Elle offre un visage radieux sur la scène. La lumière tombe sur elle et l’enveloppe, s’imprègne de sa douceur et s’élance sur sa voix profonde pour se poser, enfin, au creux de l’âme des spectateurs. C’est un instant unique, qui se figera dans l’esprit d’Hélène, comme une source de joie tranquille au sein de laquelle puiser lors d’instants de vie plus sombres.

* * *

Elle se glisse contre lui en silence sous les draps, se niche contre sa chaleur et s’endort, un bras enroulé autour de lui et le souffle paisible.

* * *

Elle essaie d’occulter la lumière qui coule, ce grand aveuglement des sens tant l’intensité de l’émerveillement est fort. Il serait plus facile de rester la porte fermée, de décider de rester prostrée sur une existence simple et dénudée de sens. Vivre, réellement, intensément, c’est difficile.

* * *

Sophie se sent légère comme une bulle qui s’élèverait dans les airs. Bras repliés autour de ses genoux, elle admire le vent sur l’herbe verte encore mouillée alors que le soleil sort timidement de derrière les nuages. Ses poumons enflent d’une paisible tranquillité, son visage se tourne vers l’avant, les yeux ouverts et heureux. Comme la fin d’un orage, une page est tournée et elle avancera, certainement. Mais pour l’instant, l’immobilité de ce paysage lui suffit tandis qu’en elle un chant rayonne.

* * *

Fathia pouffe sous la table. Autour d’elle les plis de tissus ondulent jusqu’au sol, c’est à peine si elle devine les ombres courant à pas de loup autour de la pièce. A côté, les adultes dansent, chantent, se perdent dans un brouhaha de fête. Il ne faut surtout pas se faire prendre.

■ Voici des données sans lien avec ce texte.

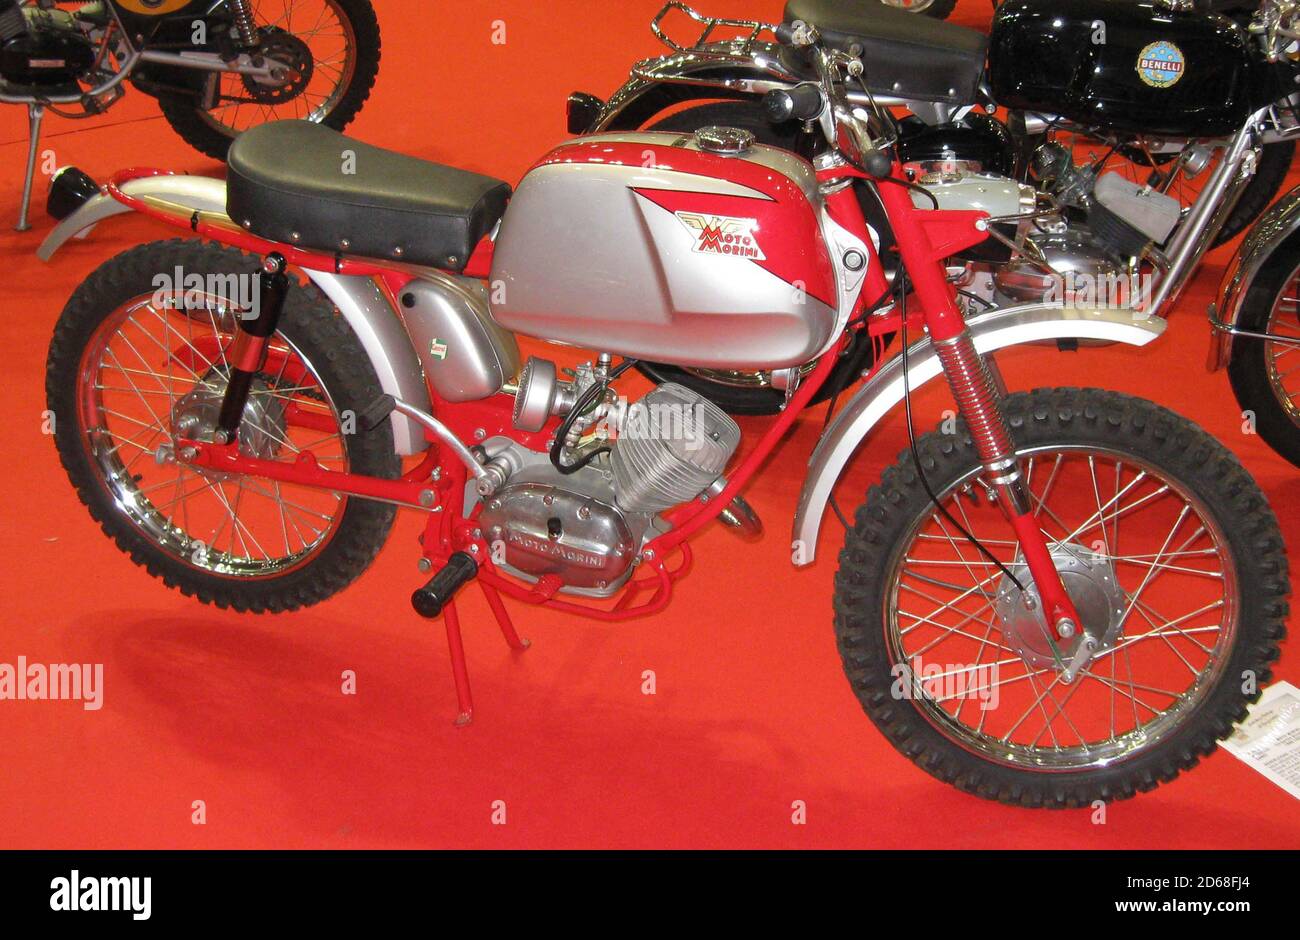 Vecchia motocicletta italiana: Moto Morini Corsarino Scrambler 50 cc (1968  Foto stock - Alamy

Elle se roule en boule, immobile, ses cheveux frisés tapissent le sol alors que ses yeux tentent de deviner l’extérieur par la fente entre le tissus et le parquet. C’est une partie de cache-cache. Celui qui s’y colle arrive enfin vers elle et soulève la nappe, le cri rieur et les mots triomphants : A ton tour!

 

 

 

Ces paragraphes sont issus de ma contrainte quotidienne sur le blog du Convoi des Glossolales. Je vous invite à y découvrir de talentueux auteurs.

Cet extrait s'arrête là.